- [Requirement]
Your copy of the listing should be exact and should contain no pictures.

═════ Data excerpt ═════

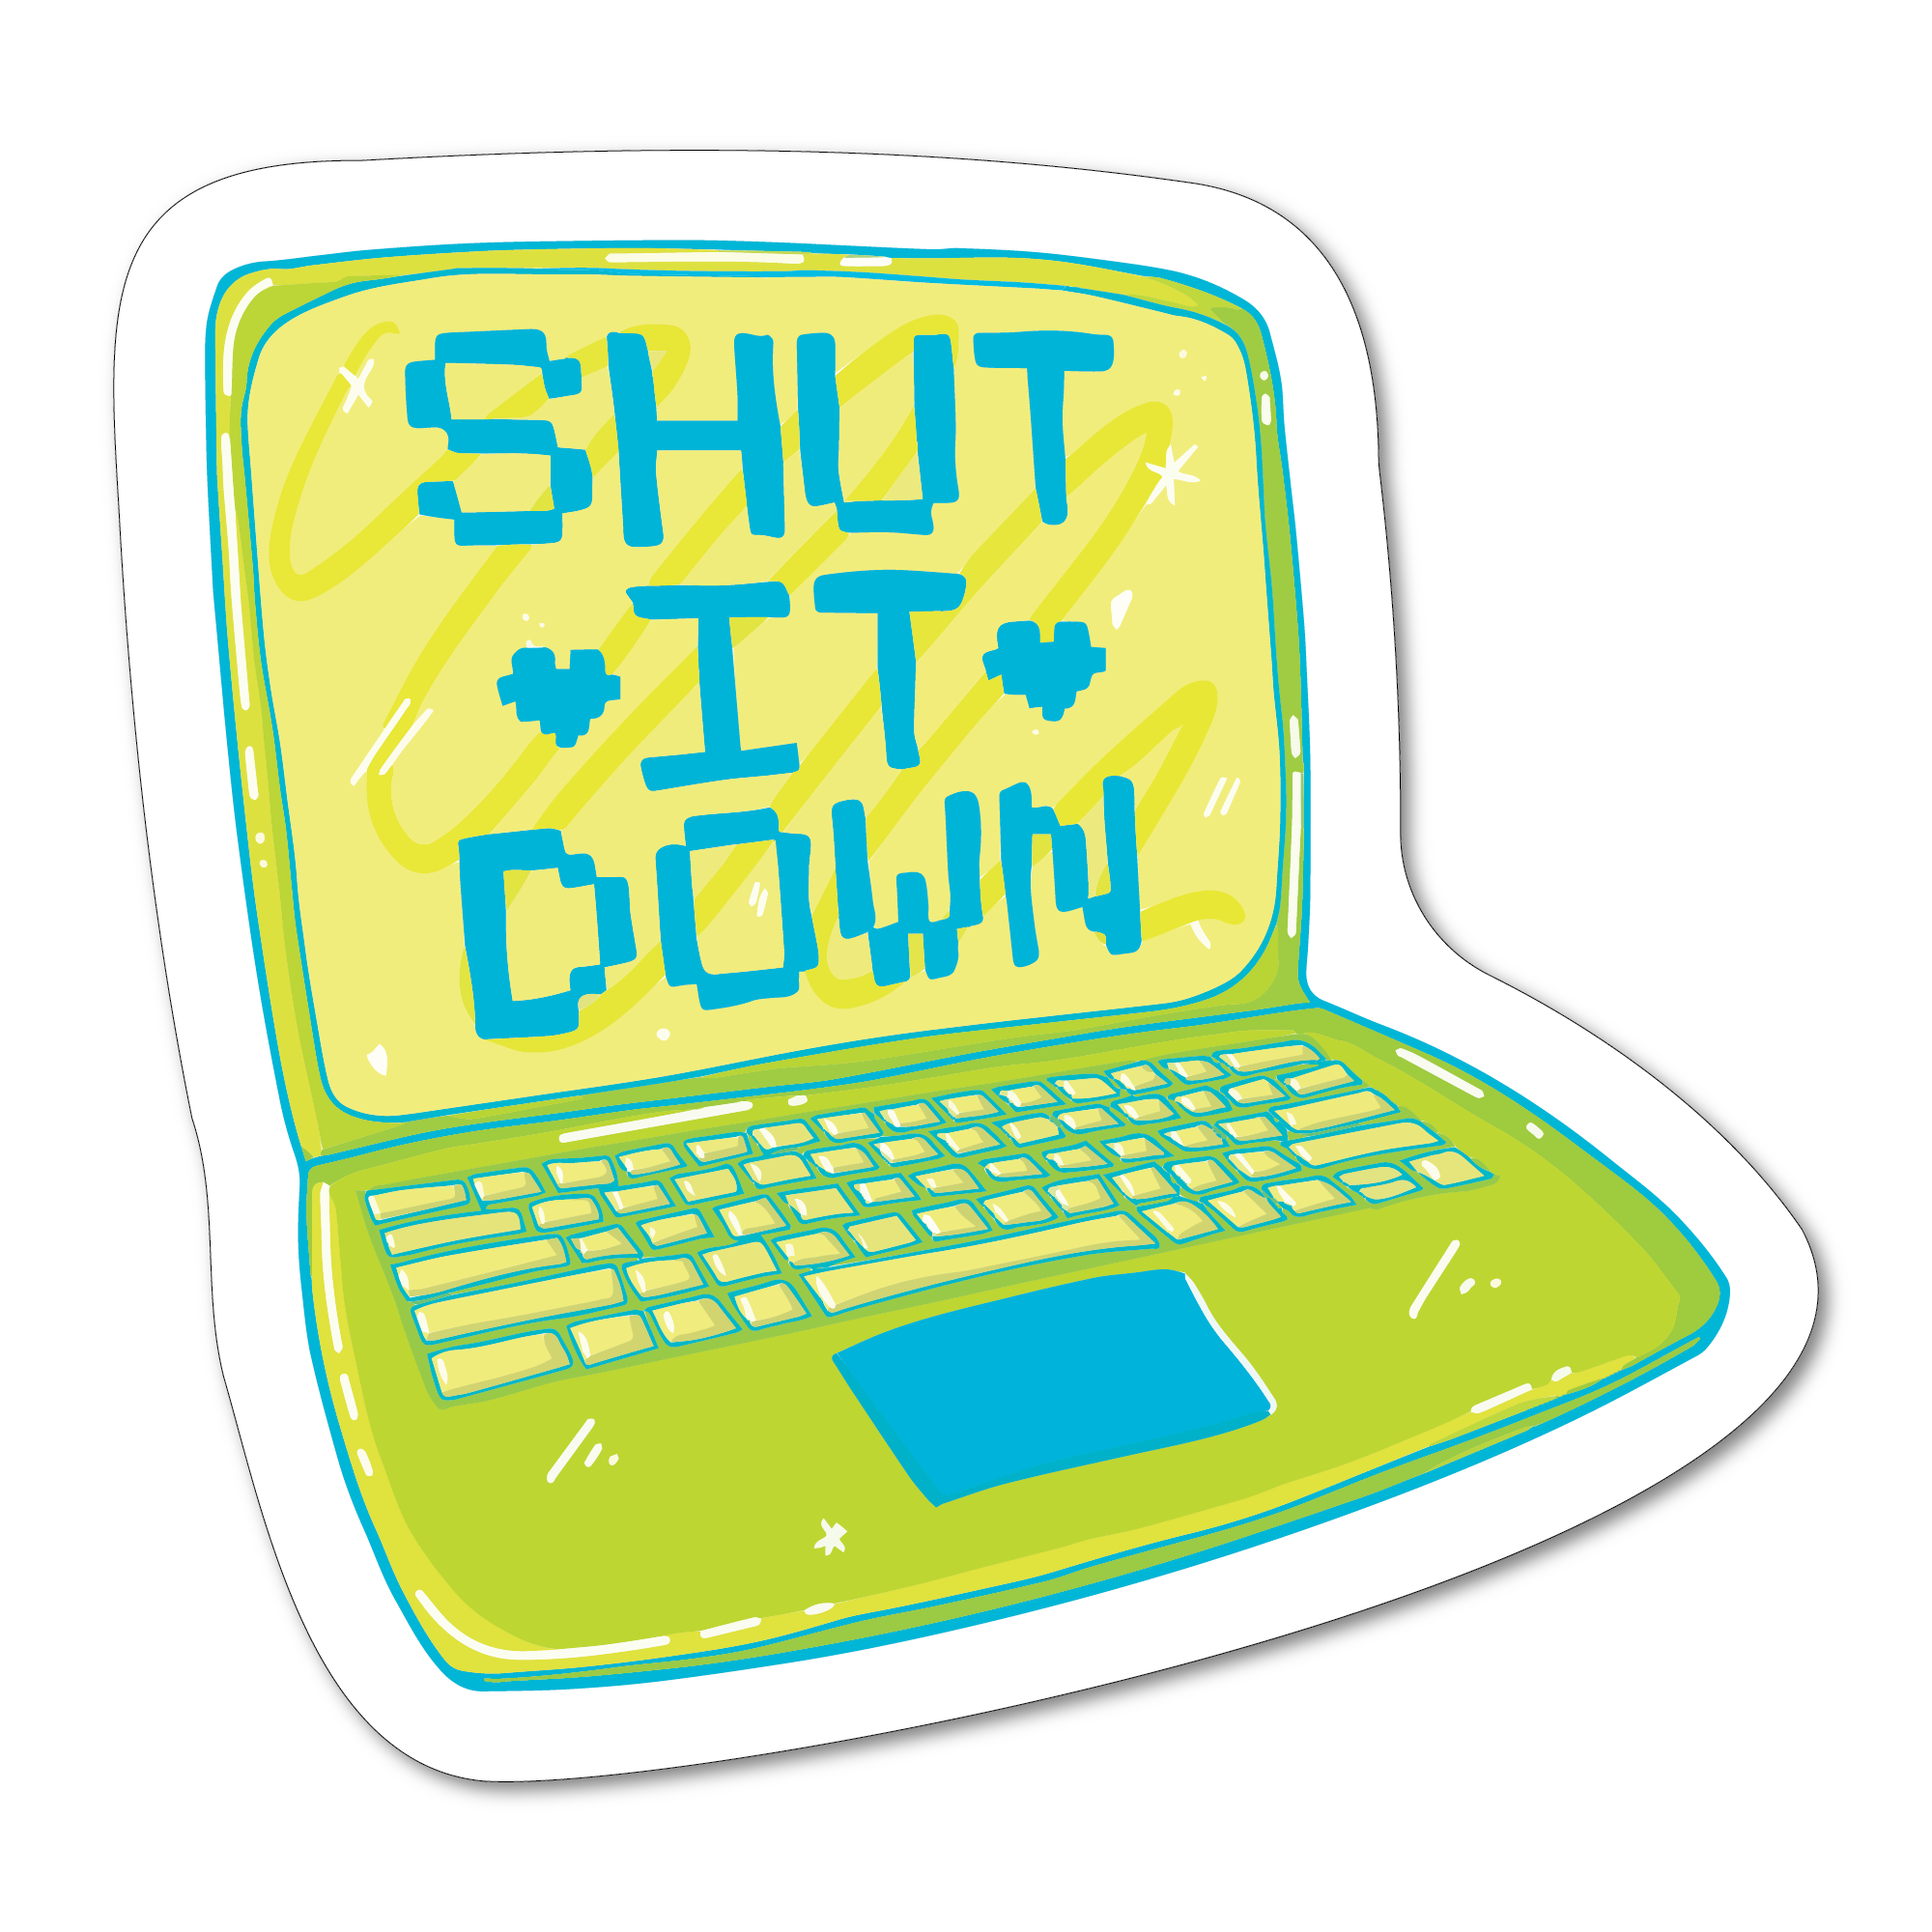 A small green sticker of a laptop that says shut it down to remind you to turn off your laptop
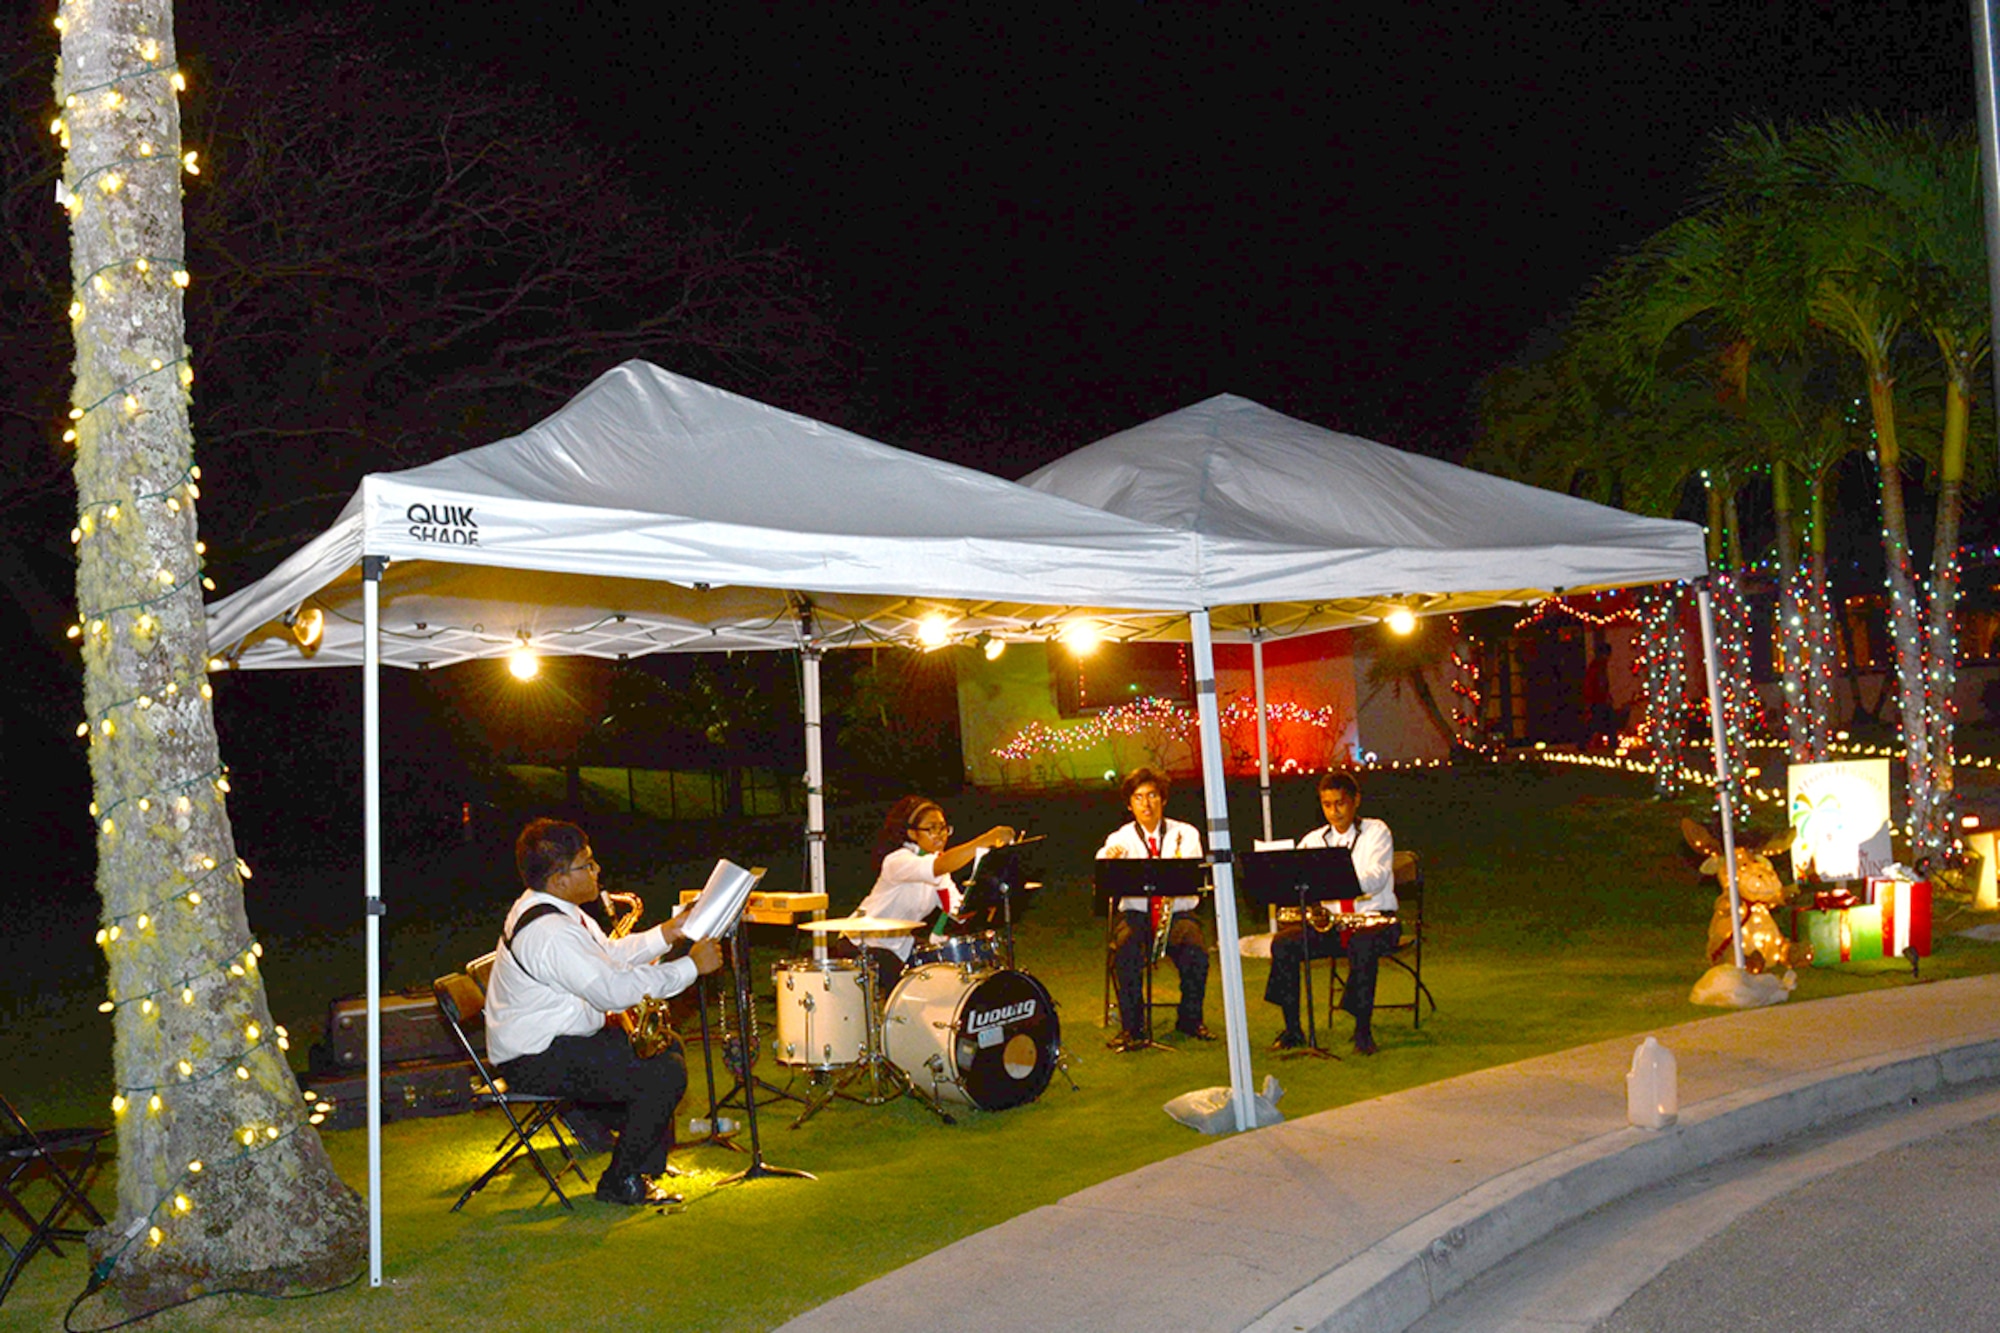 Members of the Guam National Guard Band play holiday music on Rota Drive for Team Andersen members during the annual base Rota Walk Dec. 13, 2014, at Andersen Air Force Base, Guam. Hundreds military members and civilians attended the event which is held every December to showcase holiday decorations in the base housing area on Rota Drive.(U.S. Air Force photo by Tech. Sgt. Zachary Wilson/Released)
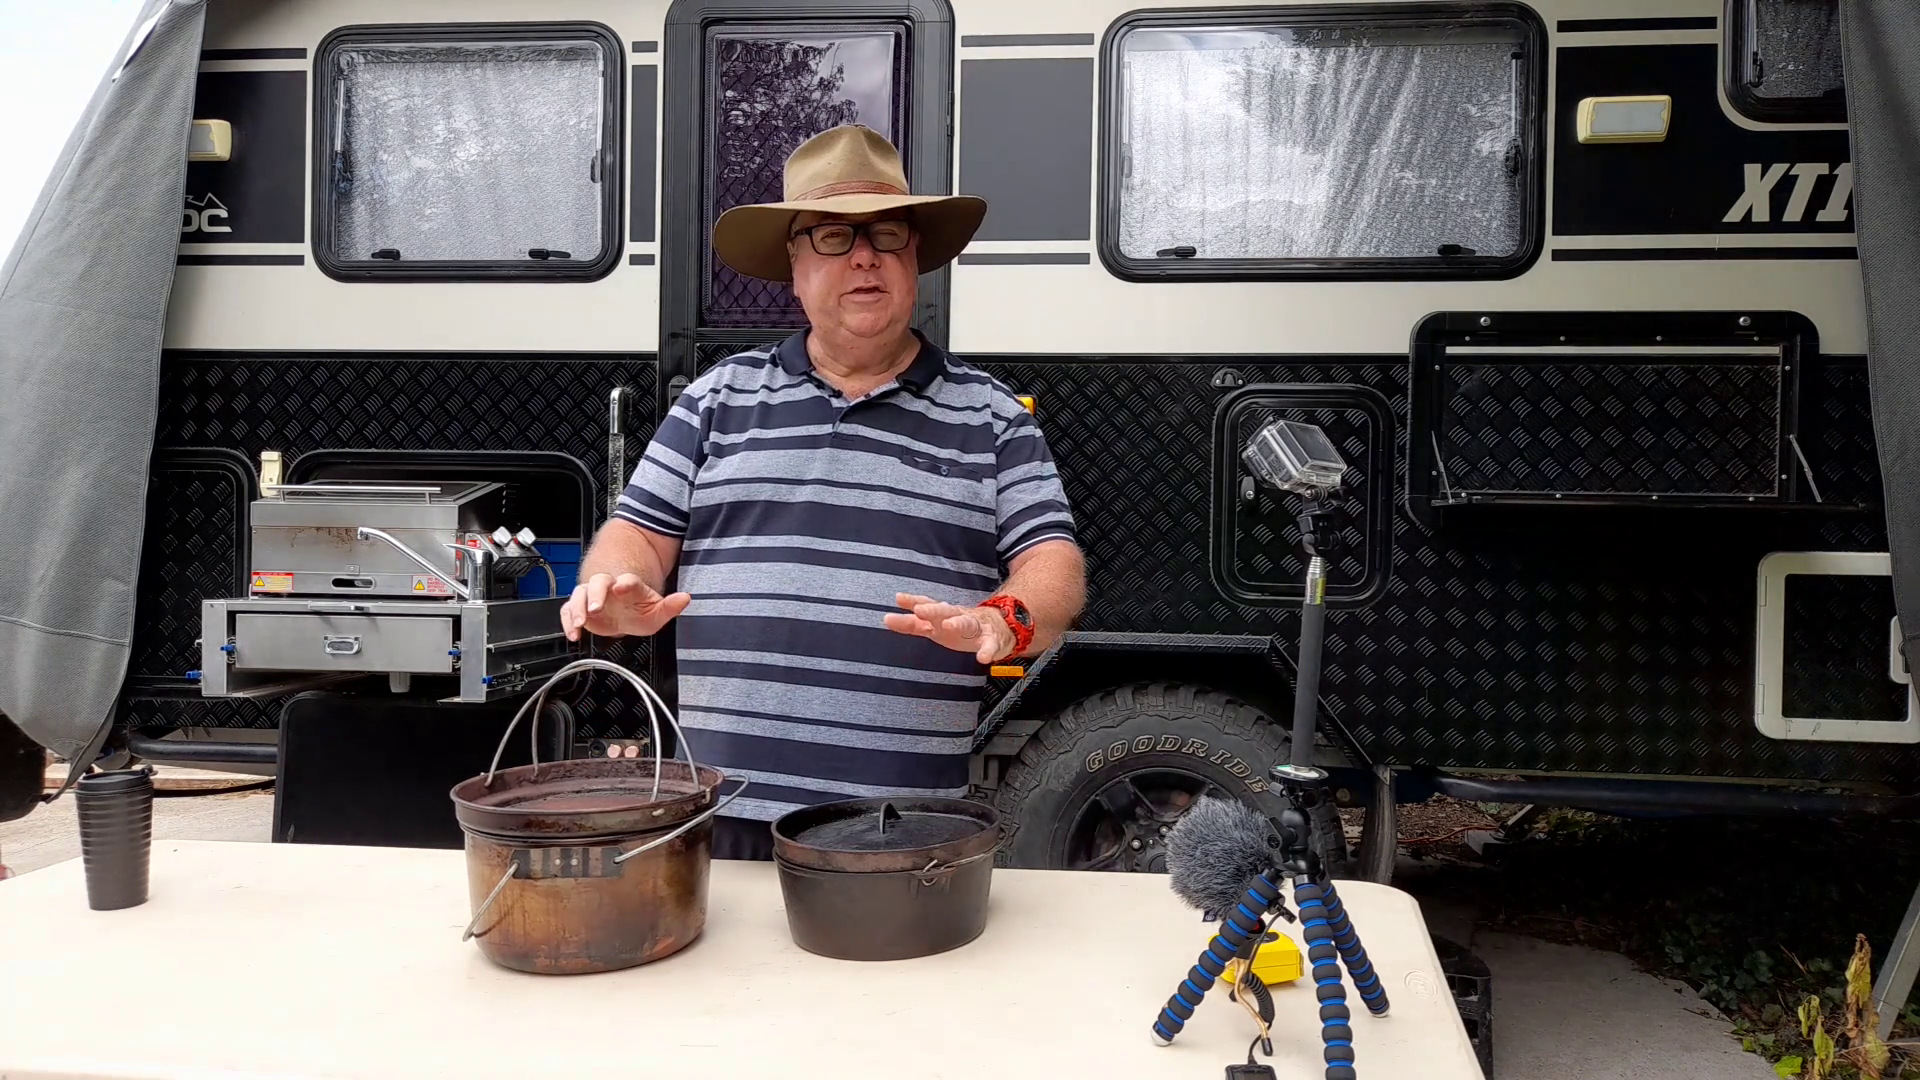 Video: How to Choose A Camp Oven

═════

- [Answer to this task]
 A small green sticker of a laptop that says shut it down to remind you to turn off your laptop
 Members of the Guam National Guard Band play holiday music on Rota Drive for Team Andersen members during the annual base Rota Walk Dec. 13, 2014, at Andersen Air Force Base, Guam. Hundreds military members and civilians attended the event which is held every December to showcase holiday decorations in the base housing area on Rota Drive.(U.S. Air Force photo by Tech. Sgt. Zachary Wilson/Released)
 Video: How to Choose A Camp Oven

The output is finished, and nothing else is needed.